Join two sheets, groupby and sum on the joined data


In [53]:
import pandas as pd

In [75]:
# load both sheets as new dataframes
shows_df = pd.read_csv("show_category.csv")
views_df = pd.read_excel("views.xls")

Change the index to be the showname


In [76]:
shows_df.head()


Out[76]:
showname category
0 firefly scifi
1 hollyoaks soap
2 battlestar scifi

In [77]:
shows_df = shows_df.set_index('showname')
shows_df.head()


Out[77]:
category
showname
firefly scifi
hollyoaks soap
battlestar scifi

Do the same for views

DANGER note that battle-star has a hyphen!


In [78]:
views_df.head()


Out[78]:
viewer_id show_watched views
0 23 firefly 2
1 29 hollyoaks 4
2 22 firefly 100
3 22 battle-star 10
4 22 FIREFLY 200

In [79]:
views_df = views_df.set_index('viewer_id')
views_df.head() # note that we can have repeating viewer_id values (they're non-unique)


Out[79]:
show_watched views
viewer_id
23 firefly 2
29 hollyoaks 4
22 firefly 100
22 battle-star 10
22 FIREFLY 200

In [80]:
# we can select out the column to work on, then use the built-in str (string) functions
# to replace hyphens (we do this and just print the result to screen)
views_df['show_watched'].str.replace("-", "")


Out[80]:
viewer_id
23       firefly
29     hollyoaks
22       firefly
22    battlestar
22       FIREFLY
22      FIREFLY 
Name: show_watched, dtype: object

In [81]:
# now we do the fix in-place
views_df['show_watched'] = views_df['show_watched'].str.replace("-", "")
# NOTE if you comment out the line above, you'll get a NaN in the final table
# as `battle-star` won't be joined
views_df


Out[81]:
show_watched views
viewer_id
23 firefly 2
29 hollyoaks 4
22 firefly 100
22 battlestar 10
22 FIREFLY 200
22 FIREFLY 300

In [82]:
print("Index info:", views_df.index)
views_df.ix[22] # select the items with index 22 (note this is an integer, not string value)

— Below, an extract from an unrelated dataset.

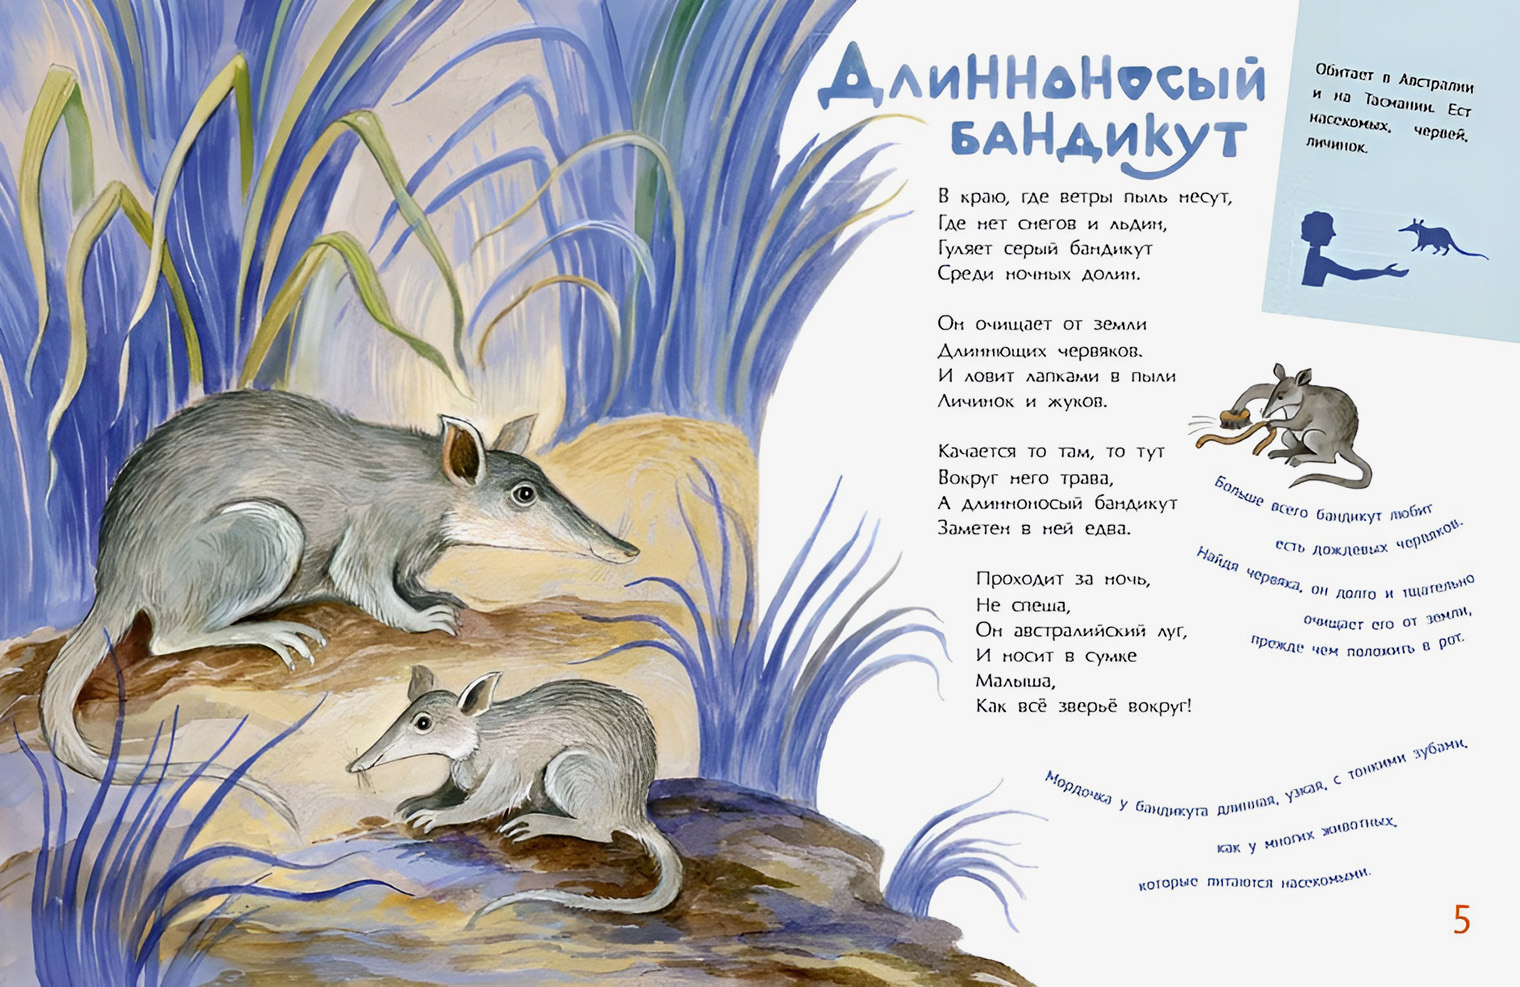 Автор книги Дарья Герасимова не только написала стихи и тексты в книге, но и нарисовала все иллюстрации

Index info: Int64Index([23, 29, 22, 22, 22, 22], dtype='int64', name='viewer_id')
Out[82]:
show_watched views
viewer_id
22 firefly 100
22 battlestar 10
22 FIREFLY 200
22 FIREFLY 300

Join on shows watched against category

PROBLEM - we have NaN values for the last two Firefly entries. Can you do something, earlier on, to fix this, from here inside the Notebook?


In [83]:
shows_views_df = views_df.join(shows_df, on='show_watched')
shows_views_df


Out[83]:
show_watched views category
viewer_id
23 firefly 2 scifi
29 hollyoaks 4 soap
22 firefly 100 scifi
22 battlestar 10 scifi
22 FIREFLY 200 NaN
22 FIREFLY 300 NaN

In [84]:
# take out two relevant columns, group by category, sum the views
shows_views_df[['views', 'category']].groupby('category').sum()


Out[84]:
views
category
scifi 112
soap 4